In our subjects, CD4 counts in anemic patients were found to be insignificantly lower compared to nonanemic patients (187.21±228.46 vs 237.46±185.94, P=0.11). However, categorical analysis revealed a significant association between CD4 cell count (<200, 200–499 >500) and anemia (P=0.019). Moreover, prevalence of anemia increased with decreasing CD4 count (5.71%, 12.85%, and 48.09%) among patients with CD4 counts >500, 200–499, and <200 cells/mm3 respectively. This corresponds well with results from earlier studies.20,25,26 Zerihin et alrevealed that patients with CD4 counts <200 cells/mm3 were more likely to be anemic than those with CD4 counts ≥500 cells/mm3.23 Similarly,Shen et al29 noted that the prevalence of anemia increased with decreasing CD4 cell count (14.0%, 22.4%, 50.7%, and 74.6% among patients with CD4 counts ≥350, 200–349, 50–199, and <50 cells/mm3 respectively).
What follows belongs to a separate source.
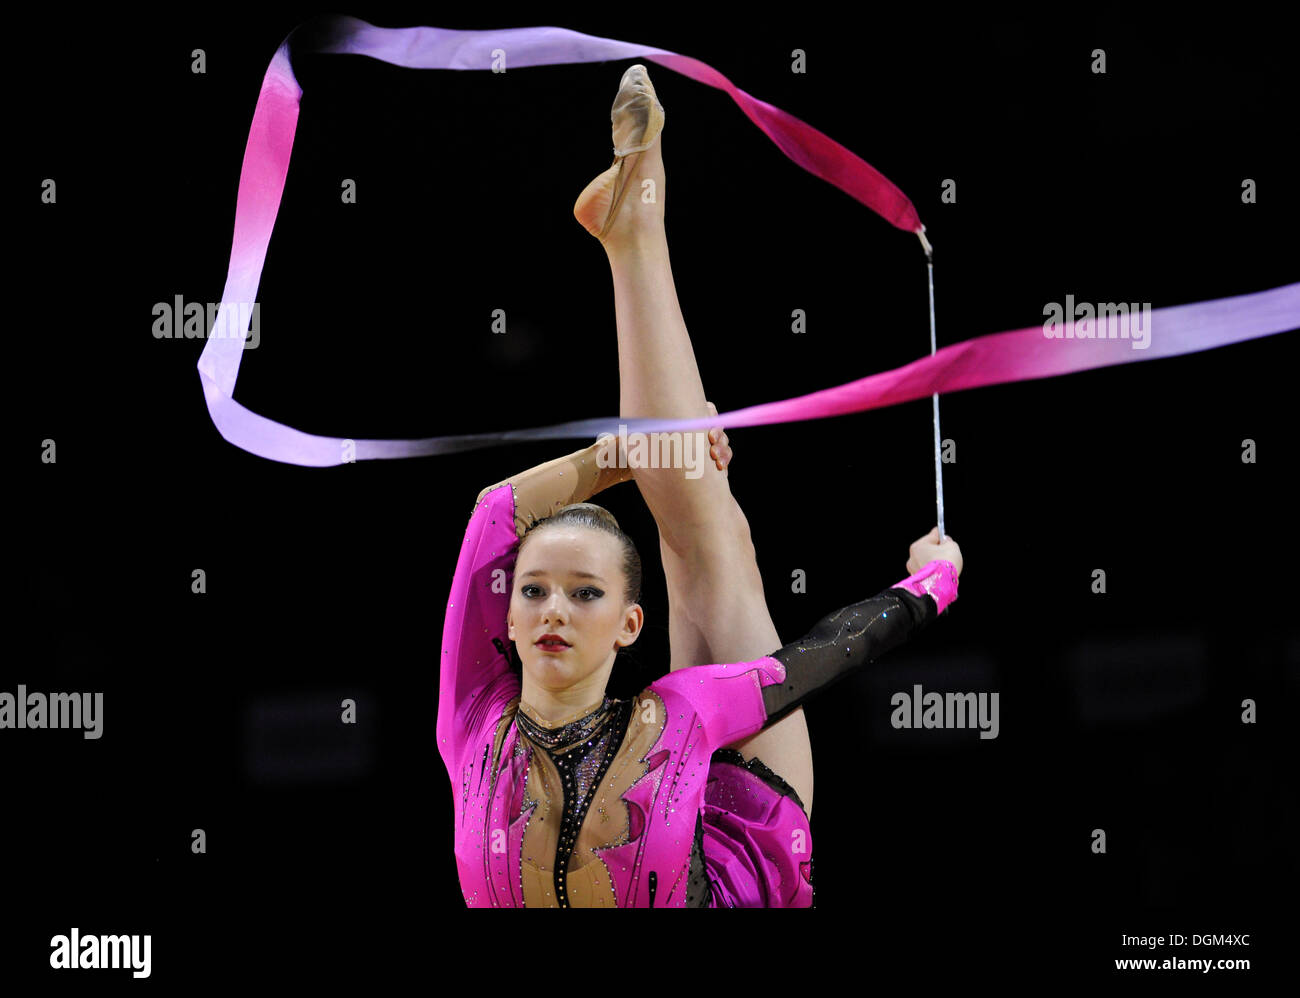 387 photos et images de Ruban Gymnastique Rythmique - Getty Images

In this study, the severity of anemia was significantly correlated with CD4 cell count, and the proportion of severe anemia significantly increased with decreasing CD4 count. This may be an important biological implication in our findings whereby lower CD4 count was associated with increased risk of anemia severity. A limitation is that this was a cross-sectional study, which only allows evaluation of associations at a specific point, but cannot draw conclusions about causal relationships over time. Therefore, a longitudinal study in a large representative population is needed to identify the causal relationship between anemia and various sociodemographic and clinical risk factors.

Conclusion

Our study revealls that anemia is a common comorbidity in patients living with HIV in Nepal. In particular, patients (especially with decreased immunostatus and female sex) are at greater risk of developing anemia, and a particular emphasis on careful evaluation to alleviate immune-system problems in these populations is necessary. Moreover, there is also a need to focus on routine screening and timely management of anemia to prevent disease progression and improve quality of life. In addition, increasing awareness of people living with HIV about the benefits of adhering to a nutritional diet consistently could be useful in managing anemia, as an appropriate diet helps the body in proliferating sufficient red blood cells and other granulocytes in the body.